En 2011, l’UE avait proposé d’en finir avec certaines d’entre elles, mais Washington était revenu à la charge, contestant la bonne volonté de Bruxelles. L’OMC a donné en partie raison aux Etats-Unis il y a deux mois ; l’UE a fait appel de cette décision. Un dernier différend, « Boeing 1 », porté par les Européens devant l’OMC en 2004, existe au sujet de subventions liées à des prestations de recherche et développement de la NASA et du département fédéral de la défense. L’OMC a confirmé, en 2011, que certaines de ces subventions avaient été « dommageables » pour Airbus et l’Europe.

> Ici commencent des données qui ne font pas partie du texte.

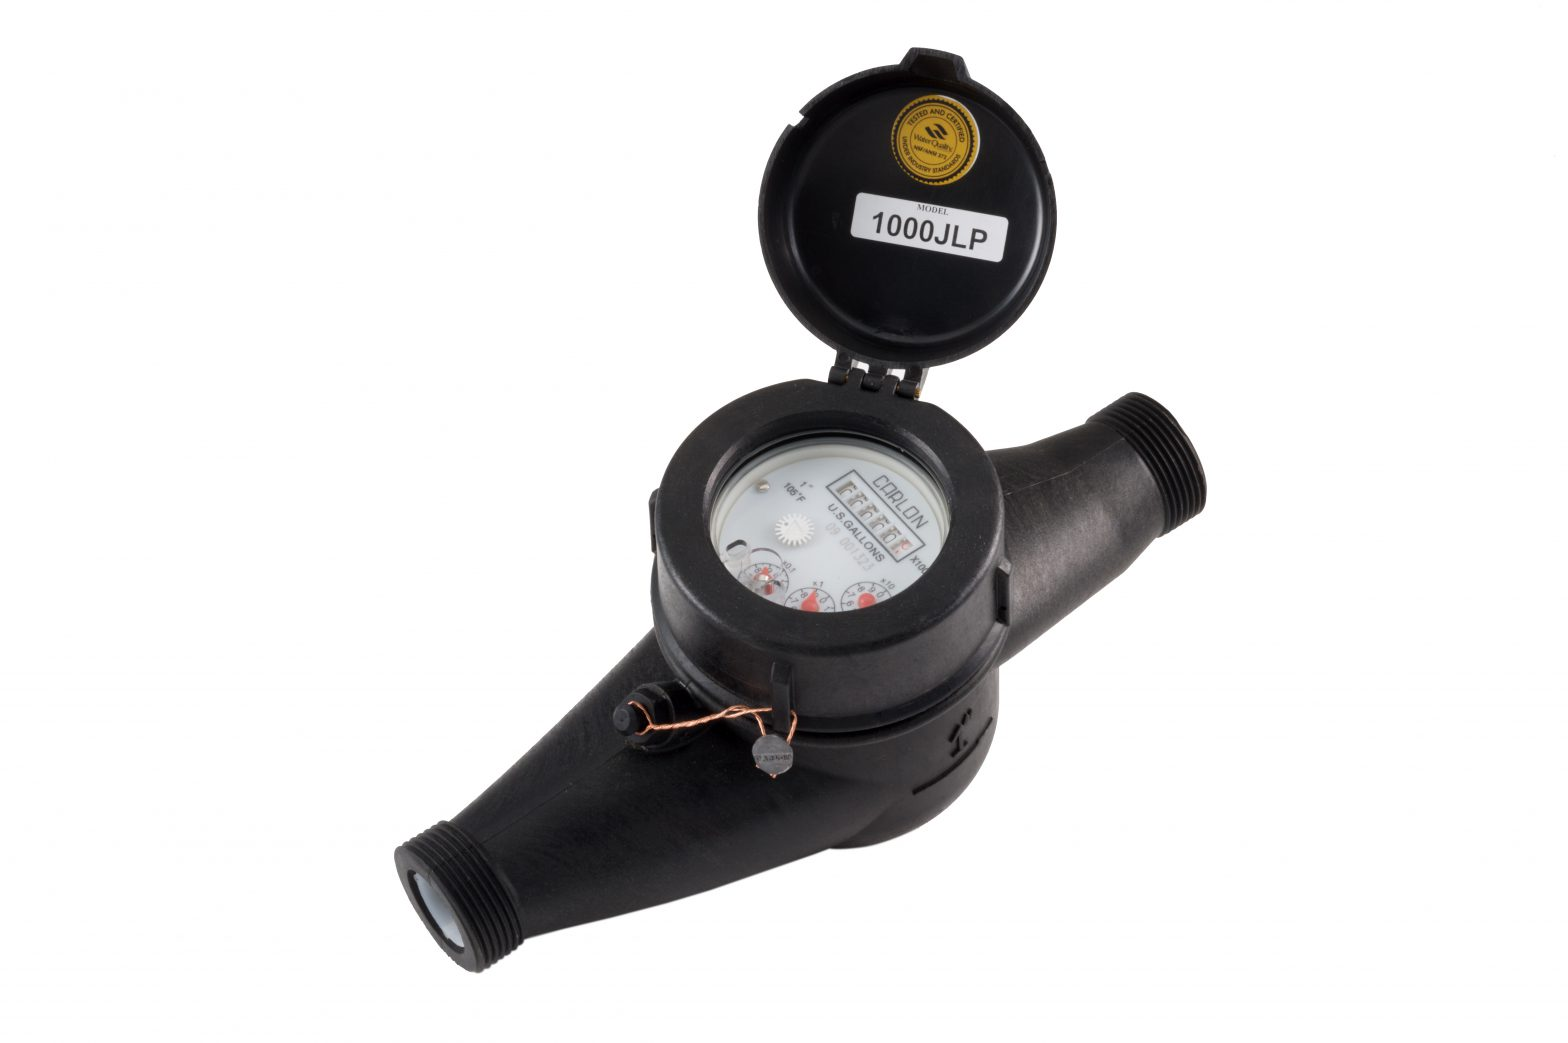 Carlon JLP Series Plastic Water Meters

Décourager les éventuels challengers

Les deux leaders mondiaux redoutent de voir d’autres pays subventionner leur industrie aéronautique

Ne serait-il pas temps d’aboutir à un compromis global entre les deux industriels afin d’en finir avec cette interminable guérilla juridique ? Les Européens, qui soulignent que les hostilités ont été lancées par les Américains en 2004, seraient prêts à négocier, à condition cependant que le compromis soit juste et équitable et non pas unilatéral.

Mais en pratique, Airbus et Boeing ne souhaitent pas mettre un terme aux contentieux. « Depuis les frères Wright [pionniers américains de l’aviation], aucun programme n’a pu être mené à terme sans subventions », admettent-ils l’un et l’autre. La poursuite du contentieux des deux géants mondiaux de l’aviation civile vise, en réalité, à empêcher toute distorsion de concurrence à l’initiative d’éventuels challengers.

Autant Boeing qu’Airbus se sont alarmés de la subvention directe de 2 milliards de dollars versée au printemps 2016 par le Canada à l’avionneur local Bombardier. Celui-ci a pu immédiatement baisser les prix de son dernier né, le moyen-courrier CSeries, concurrent direct de l’Airbus A320 et du Boeing 737, des best-sellers. « C’est un signal dangereux », fait-on savoir du côté de l’européen.

Parmi les autres pays qu’Airbus et Boeing redoutent de voir aider leur industrie aéronautique figurent la Chine et la Russie. Pékin, avec le constructeur Comac, a déjà développé un avion régional et le programme d’un moyen-courrier futur concurrent de l’A320 et du 737 est en cours. L’empire du Milieu a indiqué il y a deux ans qu’il voulait lancer un long-courrier en coopération avec les Russes. En allant au bout de leur bataille juridique devant l’OMC, l’européen et l’américain souhaitent que ces décisions fassent jurisprudence et s’imposent à tous les pays.

Airbus supprime 1 357 postes

Airbus devait annoncer, mardi 29 novembre, 1 357 suppressions de postes lors d’un comité de groupe européen. L’avionneur européen veut supprimer « les doublons » nés de la fusion de la maison mère Groupe Airbus (ex-EADS) avec sa filiale Airbus aviation commerciale. Trois sites, dont deux en France et un en Allemagne, seront principalement concernés par cette réorganisation. Le centre historique de recherche et développement de Suresnes, créé par le pionnier de l’aviation Louis Blériot, pourrait même fermer ses portes. Ces nouvelles suppressions de postes s’étaleront sur deux ans et concernent 1 % des effectifs du groupe. Ce plan ne prévoit pas de licenciements secs sauf si les salariés concernés par des mobilités entre sites les refusent.